START SOURCE RECORDS

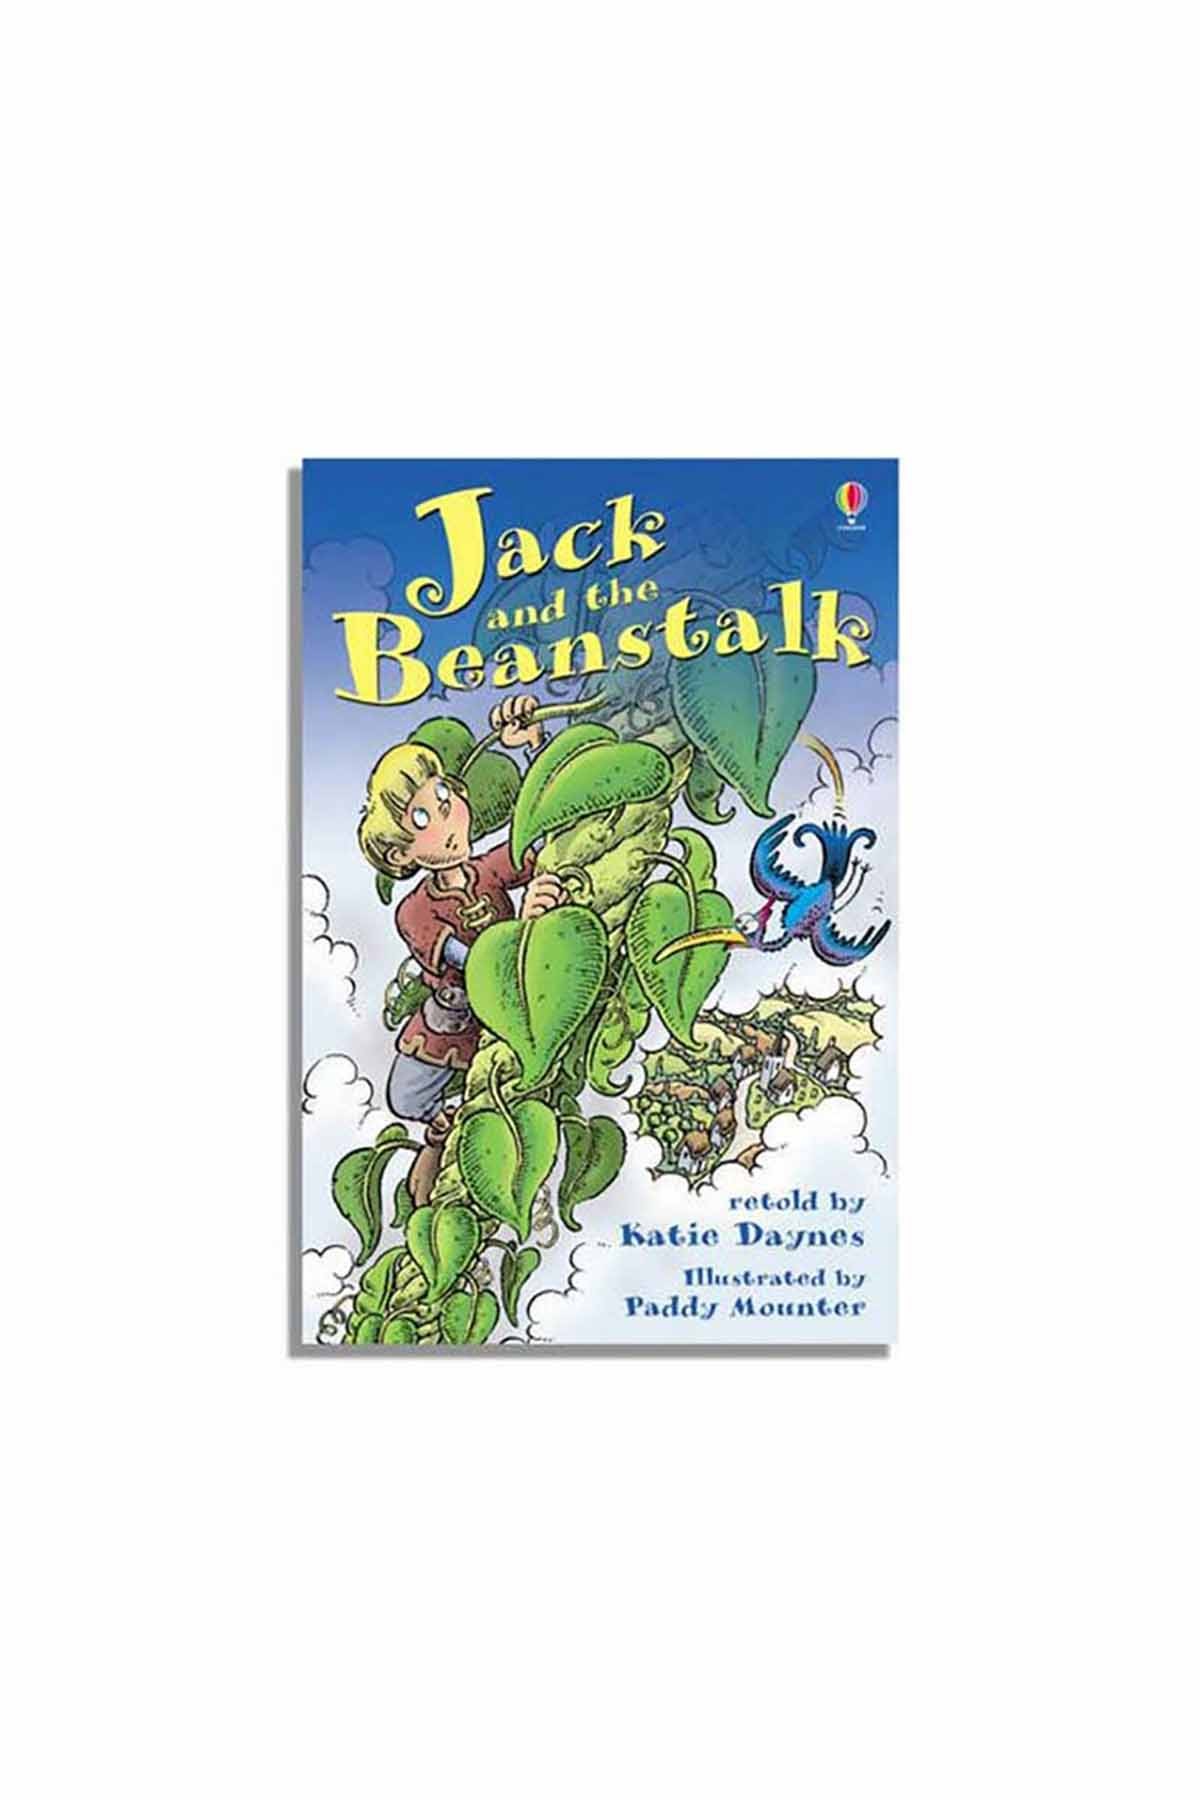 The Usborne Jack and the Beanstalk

END SOURCE RECORDS
START SOURCE RECORDS

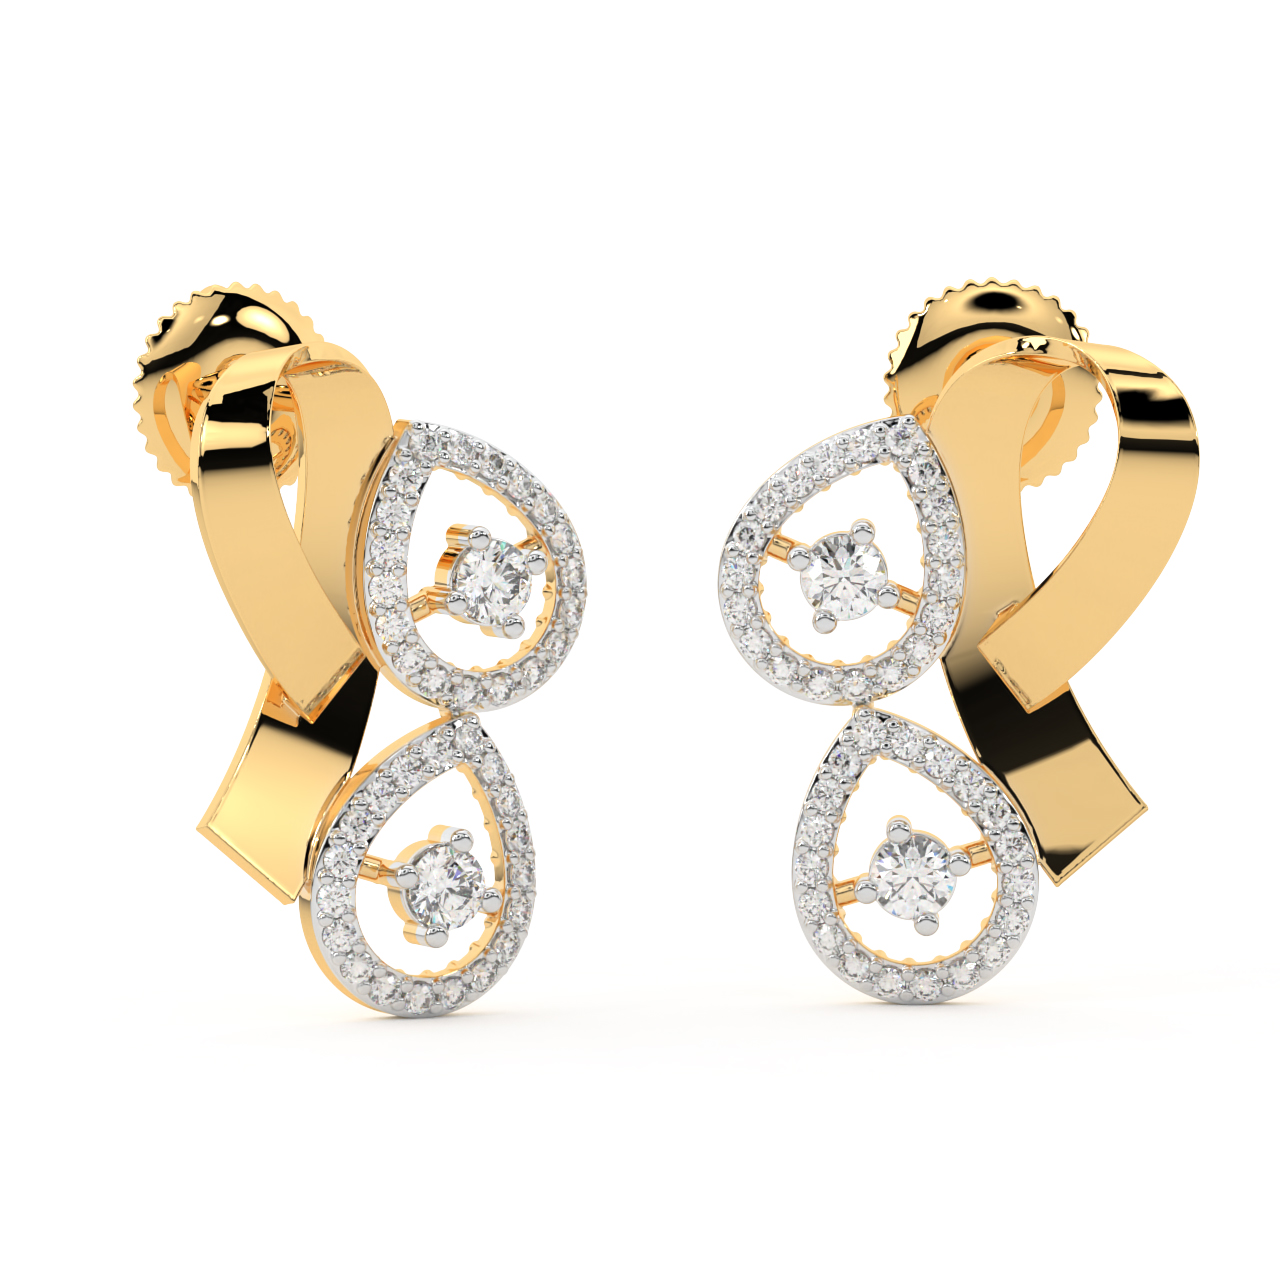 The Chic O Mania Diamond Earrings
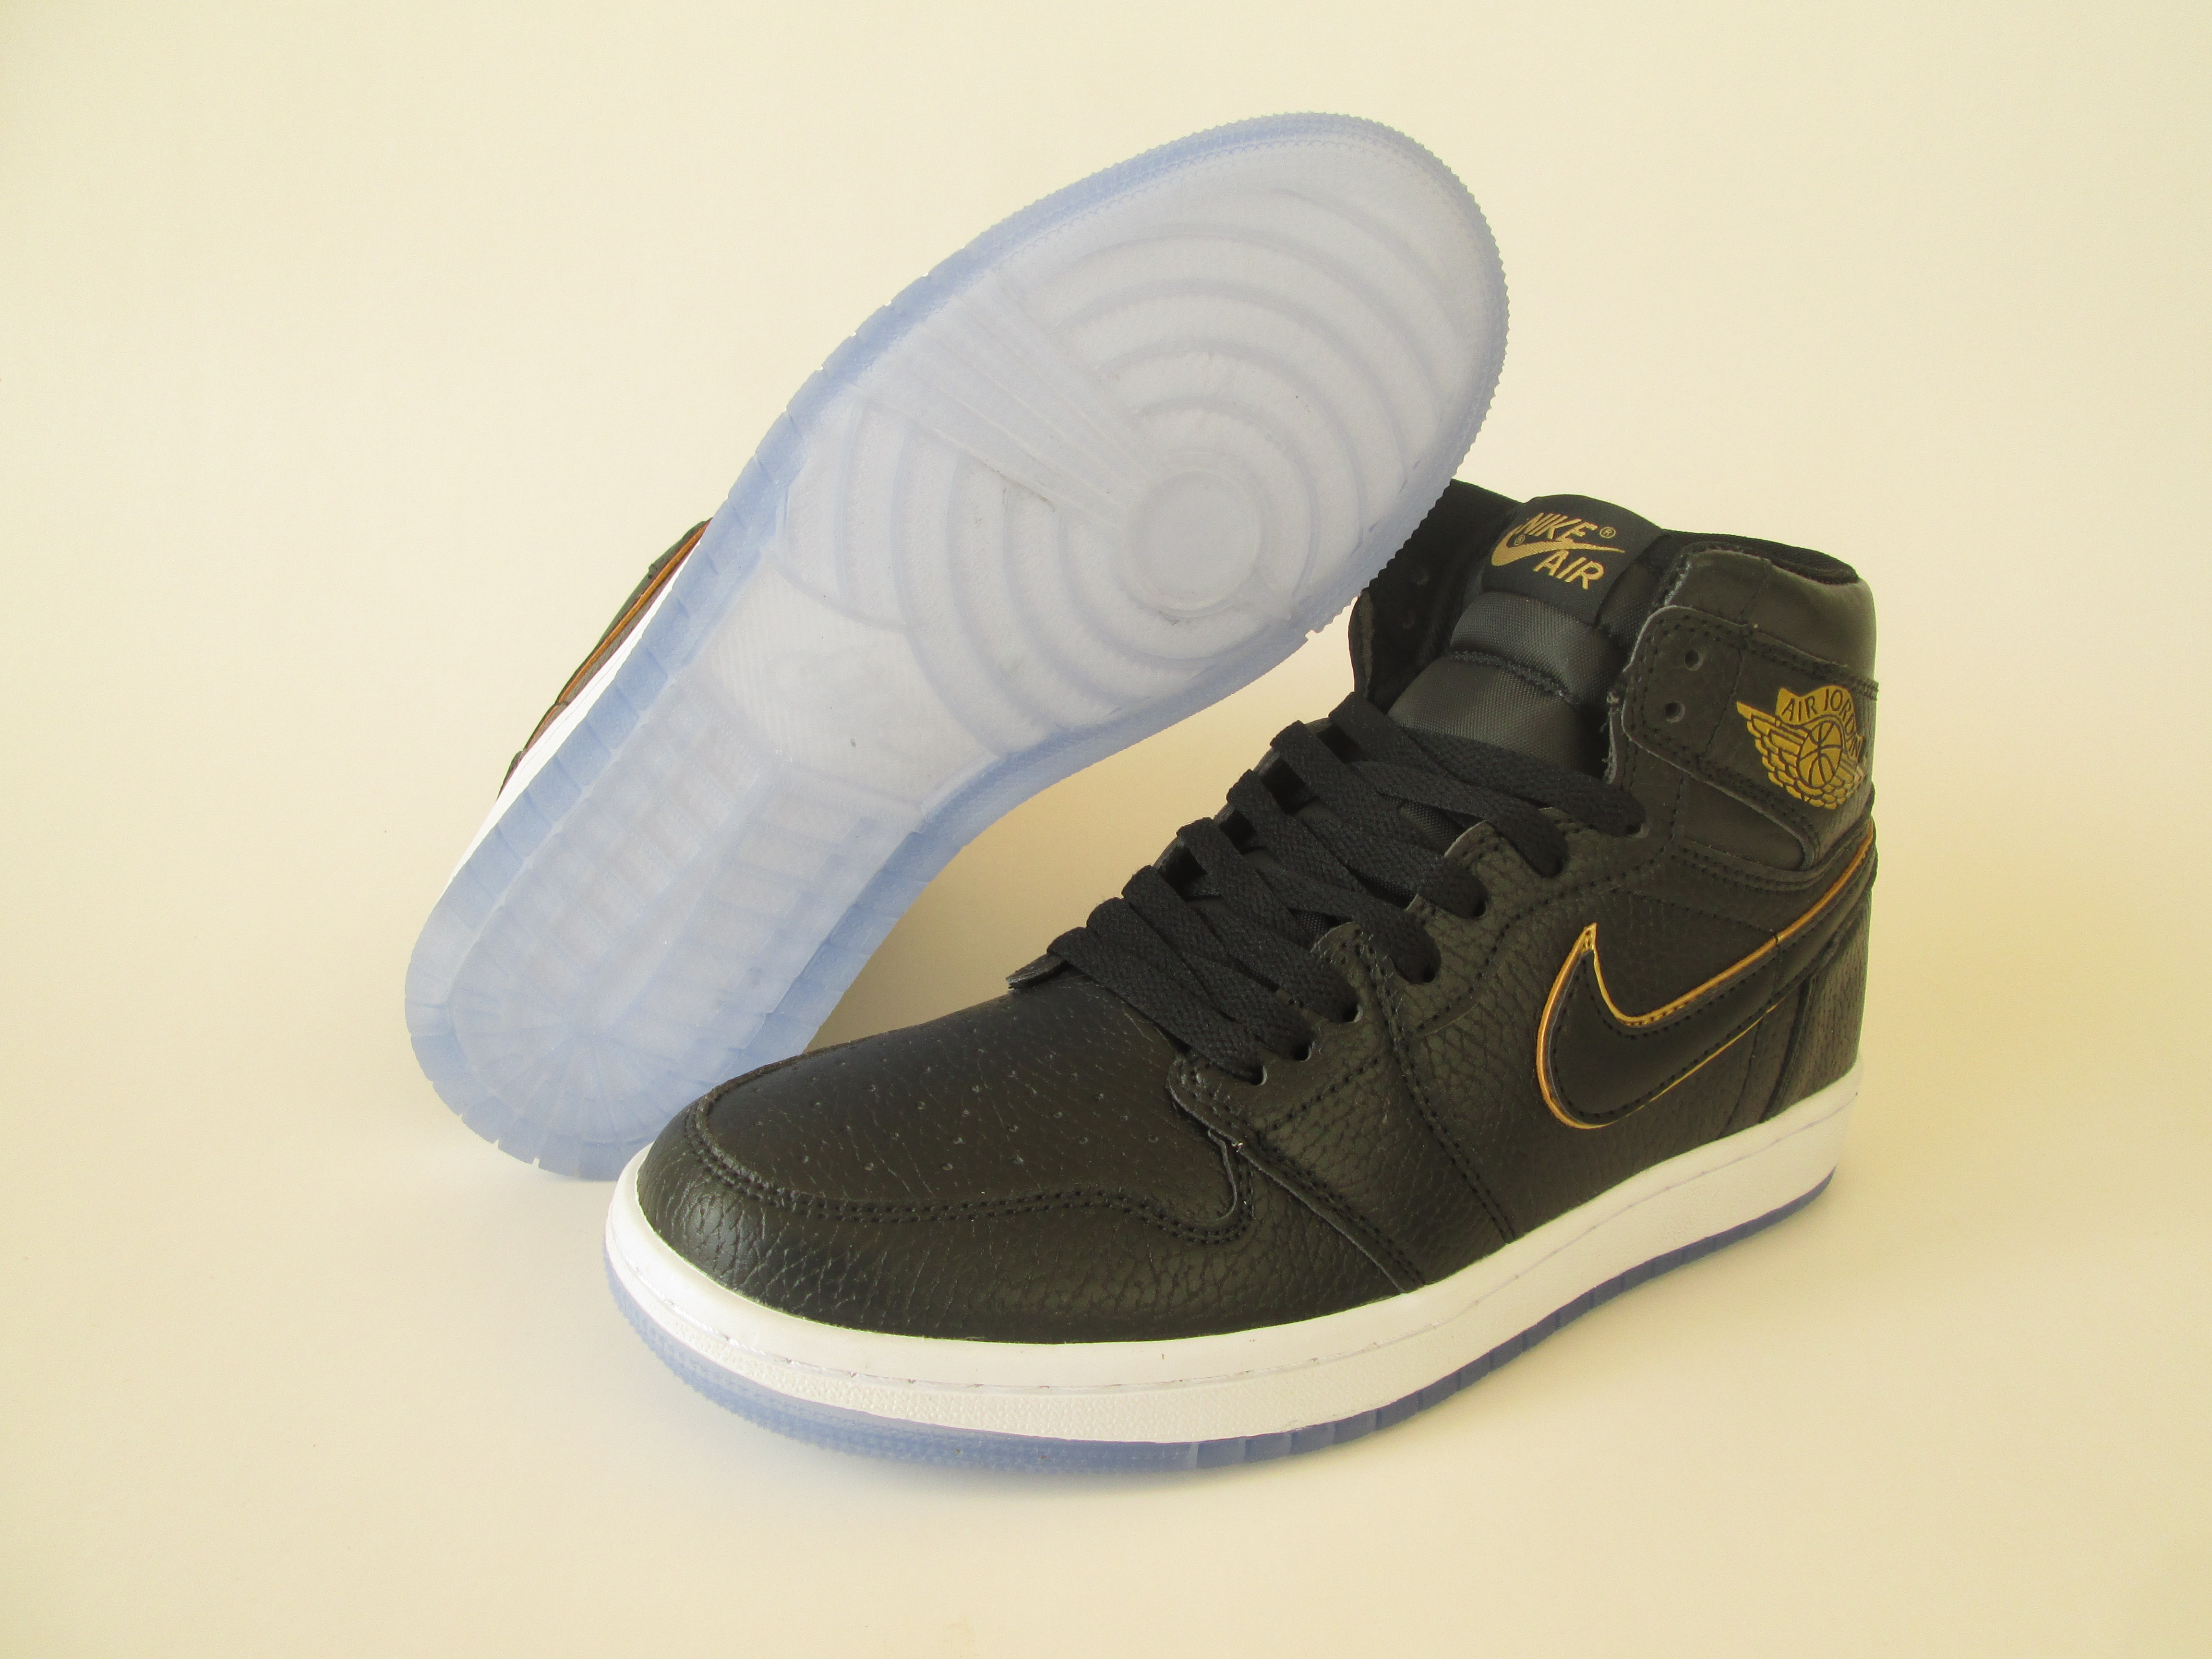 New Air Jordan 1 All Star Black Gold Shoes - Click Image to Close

END SOURCE RECORDS
START SOURCE RECORDS

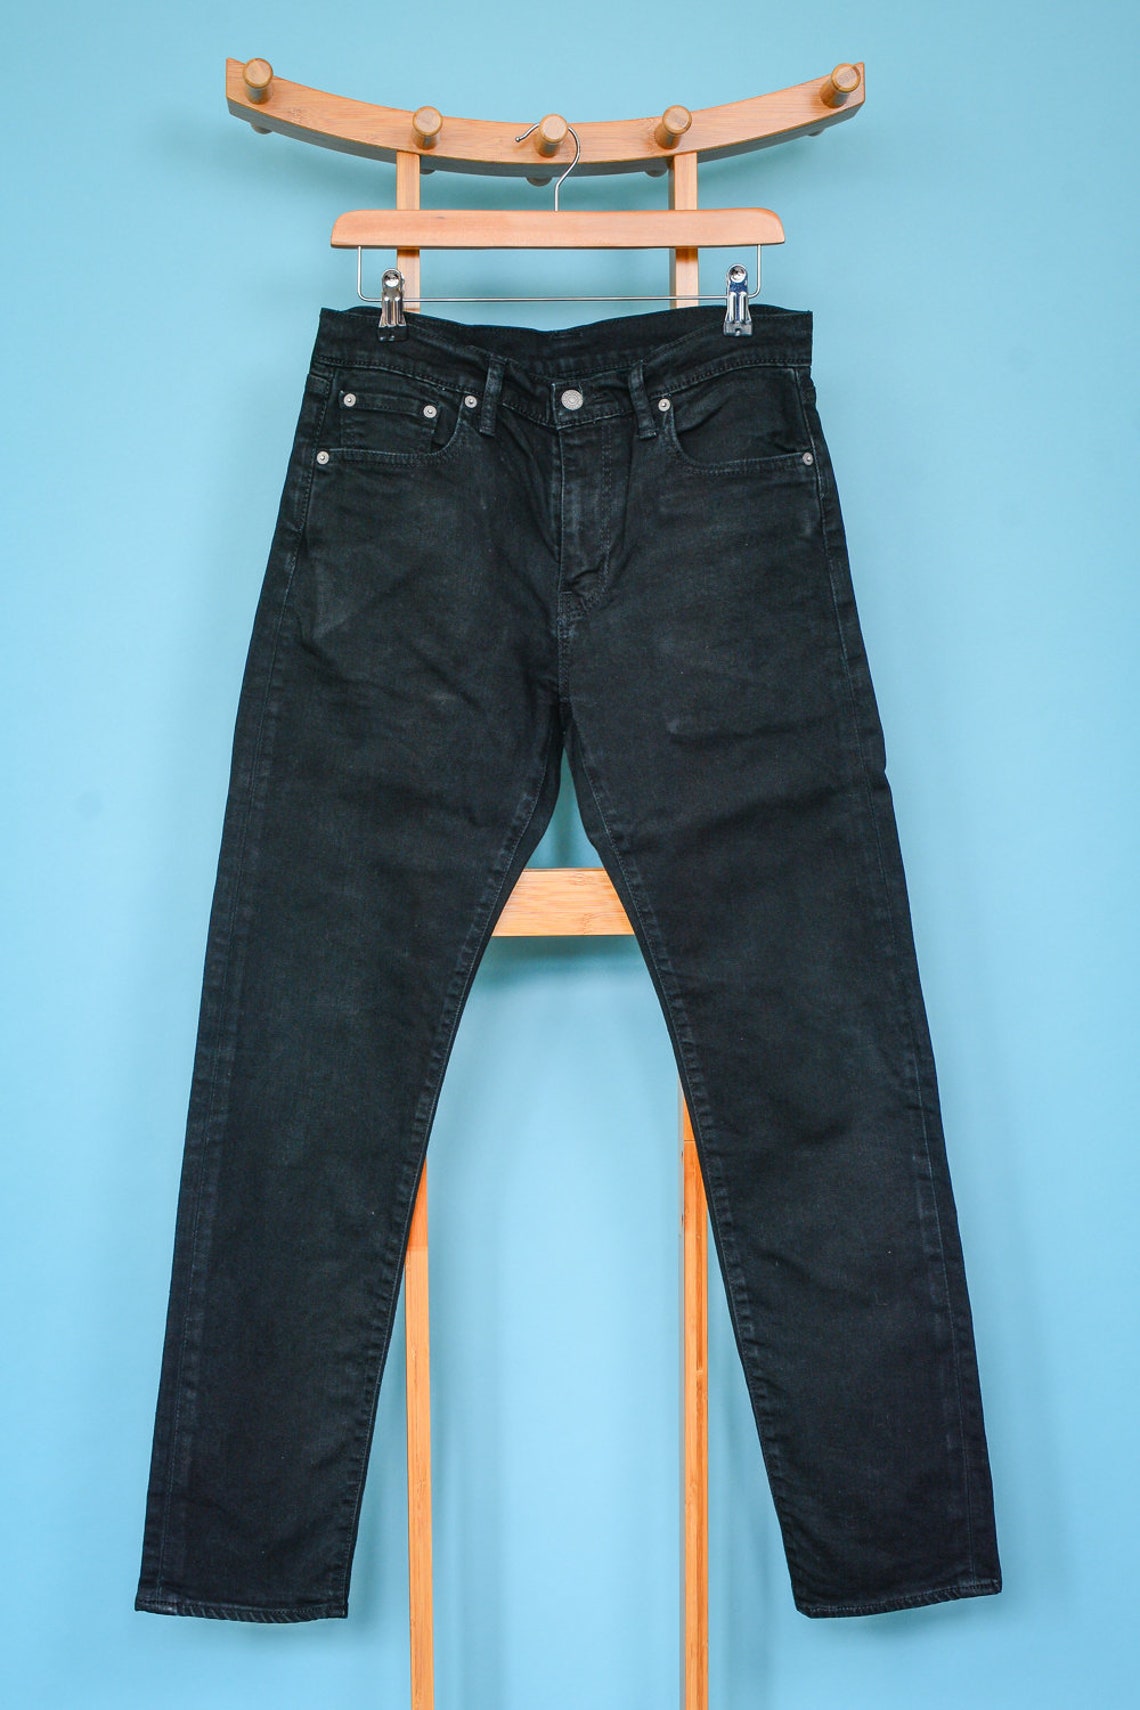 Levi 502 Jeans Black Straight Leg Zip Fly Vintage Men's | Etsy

END SOURCE RECORDS

Repeat the lines above exactly, beginning with the one containing "The Chic O Mania Diamond Earrings" and finishing with the one containing "New Air Jordan". No pictures belong in the copy.

RESULT.
 The Chic O Mania Diamond Earrings
 New Air Jordan 1 All Star Black Gold Shoes - Click Image to Close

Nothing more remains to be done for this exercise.